All the columns were indexed.

I remember it well, because I was trying to explain why having tens of gigabytes of indexes wouldn't help them much if they only had 16Gb of RAM.

In terms of group-by performance, it depends a lot on the kind of data and how it's stored. For example, taking a sum on a columnar store is quite amenable to parallel solutions and a lot of databases will do that way.

I can't think of an off the shelf RDBMS which can't handle queries on 3 billion rows.

SQL Server can

Oracle can

Postgres can

Even MySQL can (!)

The limitations are almost always in the hardware, not the software.

If you're looking at column based systems, you can look at Greenplum (does both row and column-based storage), InfiniDB (MySQL based), and all sorts of expensive but very fast appliance options like Netezza, Teradata, etc.

postgres?
Counter-question: Which startup has a actual data table with over 3 billion rows?
We have just crossed 2 billion items in our datastore. While not 3 billion yet, I expect that to happen later this year.

Too bad Redshift can't handle JSON files: Converting everything will be annoying.

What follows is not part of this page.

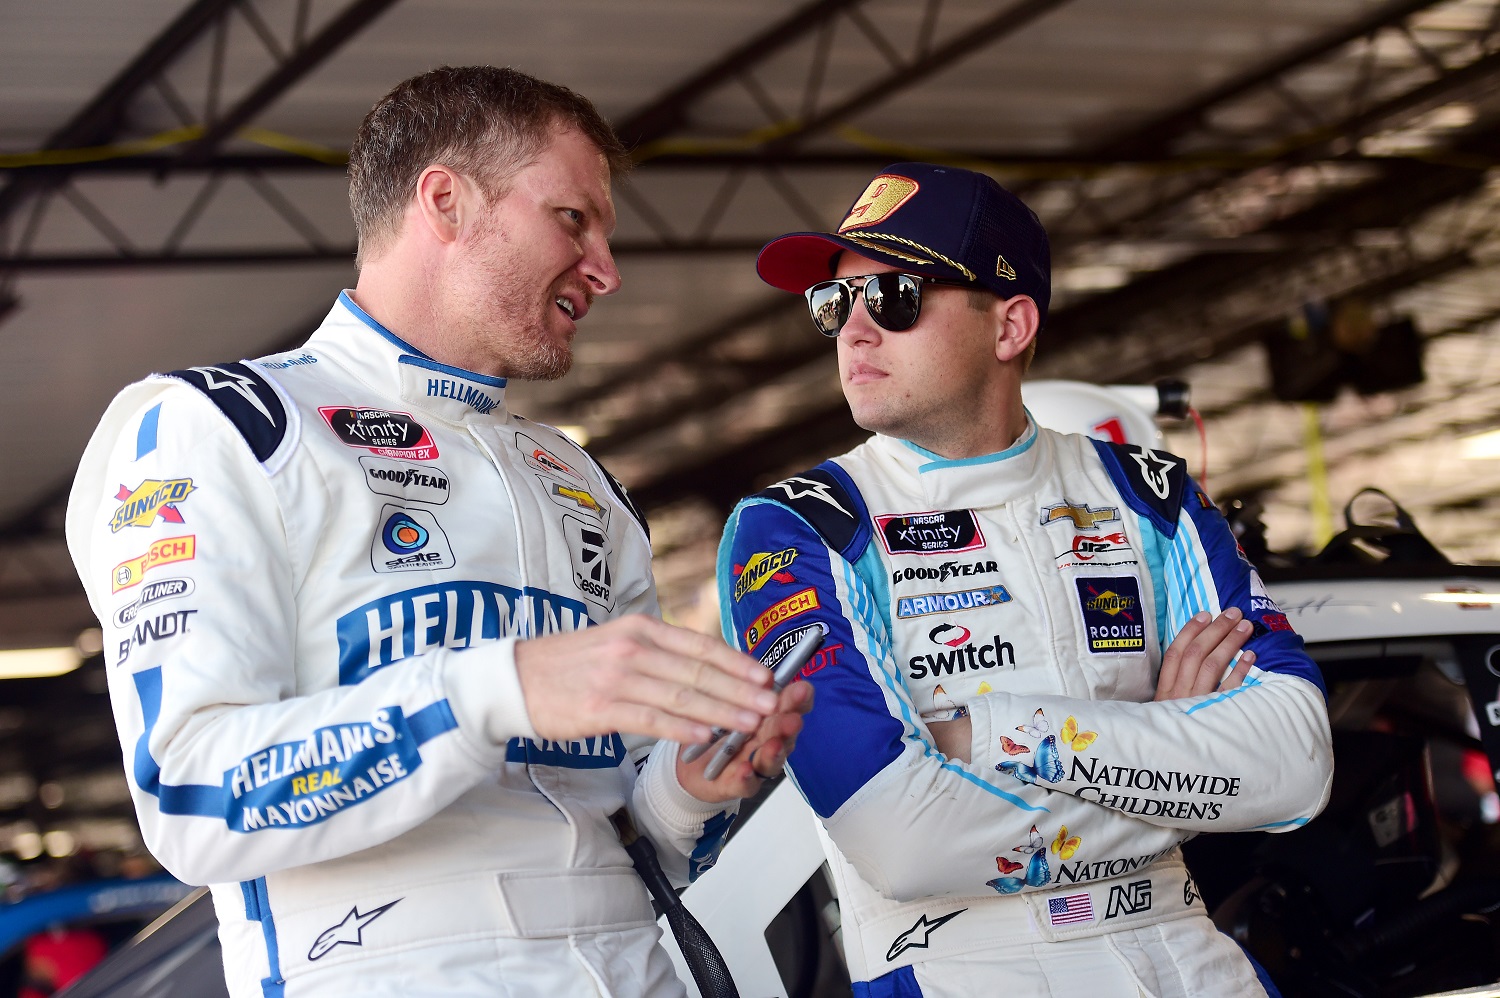 Dale Earnhardt Jr.’s Take on Daniel Hemric Spinning the No. 9 Chevy Doesn’t Jibe With Noah Gragson’s Explanation

Our idea is to change from JSON on loading to Redshift, continuously. http://www.hapyrus.com/pages/flydata-for-redshift
When you log every mousedown because the founder misunderstands A/B testing, 3 billion rows is easy to come by. Besides - you're busy changing the world, so you should expect to use the same technology as Facebook and Google.
SAP HANA would be one but it is basically in memory so very, vey expensive.
And it's not a RDBMS. It's basically the same technology as RedShift, but not cloud based (yet).
Actually HANA One is available in the AWS Marketplace: https://aws.amazon.com/marketplace/pp/B009KA3CRY/ref=mkt_ste...